Franciscan Sister Christa Franzer poses beside a statue of St. Clare of Assisi on the grounds of the Oldenburg motherhouse of her community, the Congregation of the Sisters of the Third Order of St. Francis. On April 15, she was elected the superior, known as congregational minister, of the community and will serve in that role for a six-year term. (Photo by Sean Gallagher)

Franciscan Sister Christa Franzer poses beside a statue of St. Clare of Assisi on the grounds of the Oldenburg motherhouse of her community, the Congregation of the Sisters of the Third Order of St. Francis. On April 15, she was elected the superior, known as congregational minister, of the community and will serve in that role for a six-year term. (Photo by Sean Gallagher)

By Sean Gallagher

OLDENBURG—Throughout much of her 50 years of religious life, Franciscan Sister Christa Franzer has been asked to serve in ministries she would never have planned for herself.

She never expected to be principal of Oldenburg Academy of the Immaculate Conception in Oldenburg.

She could have never imagined serving as director of human resources at Marian University in Indianapolis.

And she certainly didn’t foresee being elected on April 15 as the superior, known as congregational minister, of her community, the Congregation of the Sisters of the Third Order of St. Francis in Oldenburg.

As congregational minister, Sister Christa is the 16th successor of Mother Theresa Hackelmeier, who founded the Oldenburg Franciscans in 1851.

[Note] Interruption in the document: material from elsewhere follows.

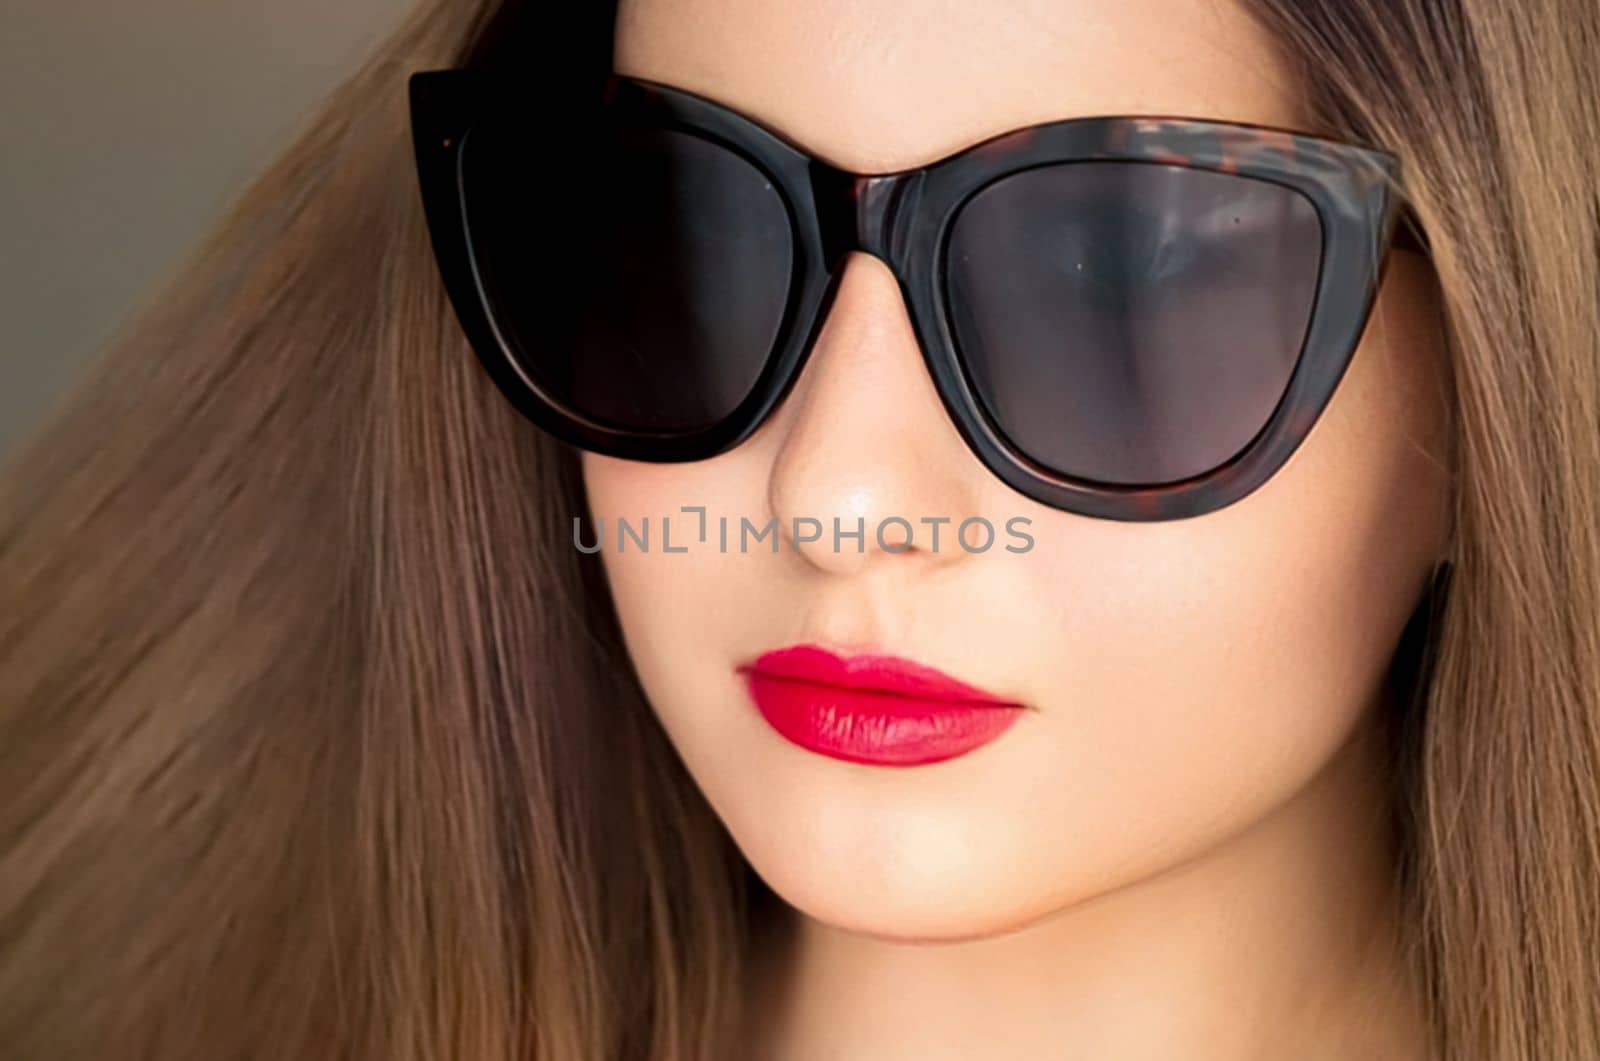 Beauty, fashion and style, face portrait of beautiful woman wearing stylish cat eye sunglasses and red lipstick make-up, luxury accessory and summer lifestyle, glamour and chic look by Anneleven

But Sister Christa sees venturing out of her comfort zone one time after another as an expression of her embrace of religious life, which has a vow of obedience at its heart.

Ultimately, that obedience is to the will of God.

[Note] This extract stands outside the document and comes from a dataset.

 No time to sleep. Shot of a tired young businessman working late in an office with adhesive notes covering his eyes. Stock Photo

“That’s what obedience is, after all—listening to God, [including] God speaking through other people,” Sister Christa said.

At the same time that Sister Christa was elected congregational minister of the Oldenburg Franciscans, three other sisters were elected as members of the community’s council, which will assist and work with Sister Christa as a leadership team. They are Franciscan sisters Delouise Menges, Barbara Leonhard and Annette Grisley. Their six‑year term of office began on July 1.

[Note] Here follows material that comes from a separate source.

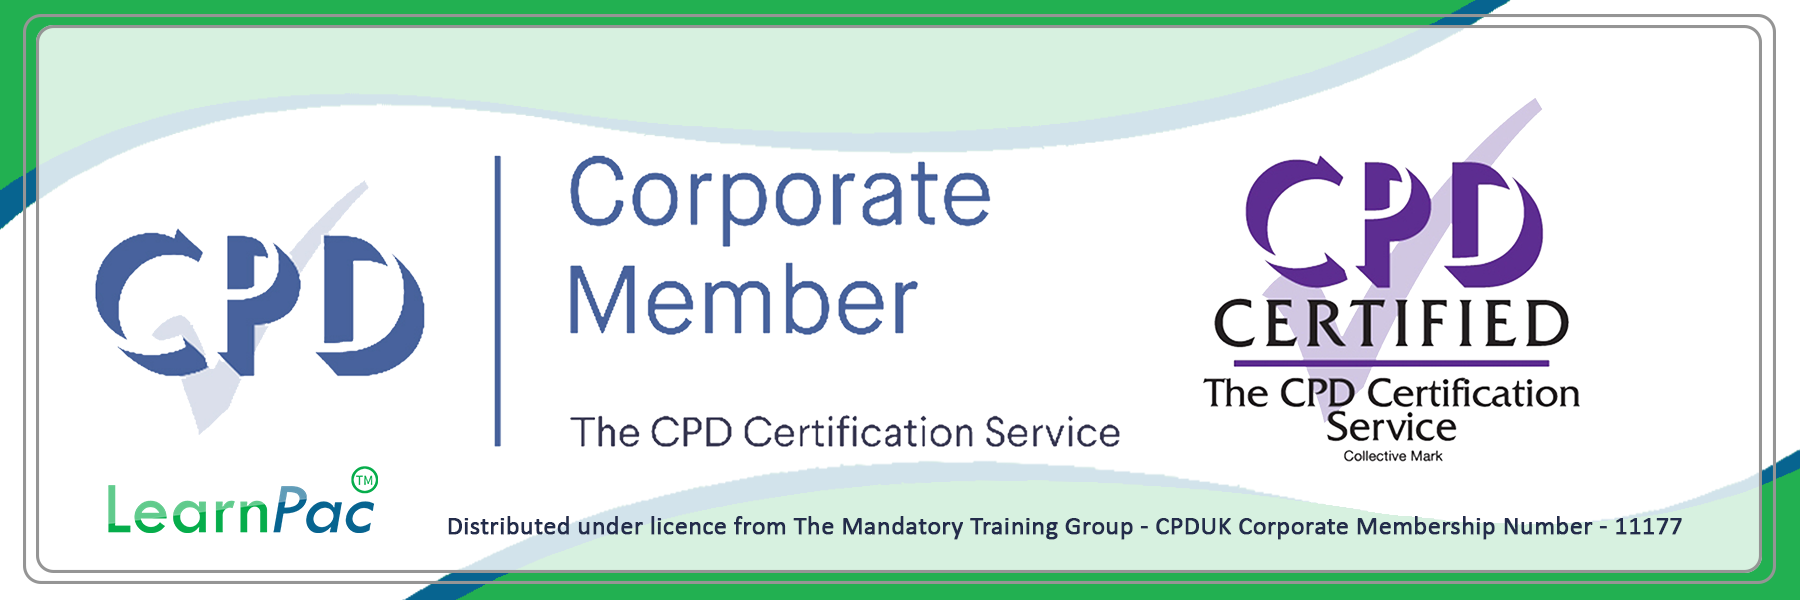 Clinical Skills Training Courses - E-Learning Courses with Certificates - CPD Certified - LearnPac Systems UK -

“We have a wonderful team,” Sister Christa said. “I’ve already been very impressed.”

Sister Christa served two previous terms on the community’s council, from 1994-2000 and from 2006-12. The other sisters on the recently elected council are new to community leadership.

“I assured them from the beginning that, though I might share a way that we’ve done something previously,” Sister Christa said, “I do not ever want to make it seem that, because this was the way we did it before, we have to do it the same way now.”

The April 15 election was preceded by several months of discernment by the Oldenburg Franciscans of what their priorities should be as a community, and who best among them could lead them in carrying them out.

Over that time of prayerful consideration, Sister Christa learned that many of her fellow Franciscans were serious in seeing her as a possible leader for the community.

At first, she laughed off such suggestions.

“Teasingly, I would say, ‘You mean two terms weren’t enough?’ ” Sister Christa recalled.

But when the calls for her to consider serving in leadership started to come from a wide variety of sisters throughout the community, she became more serious—and more prayerful—during a time when she doubted whether she could serve in this way.

“My spiritual director encouraged me to pray through those hesitations,” Sister Christa said. “It’s good to have expressed and acknowledged them. But you can get past them by praying through them.”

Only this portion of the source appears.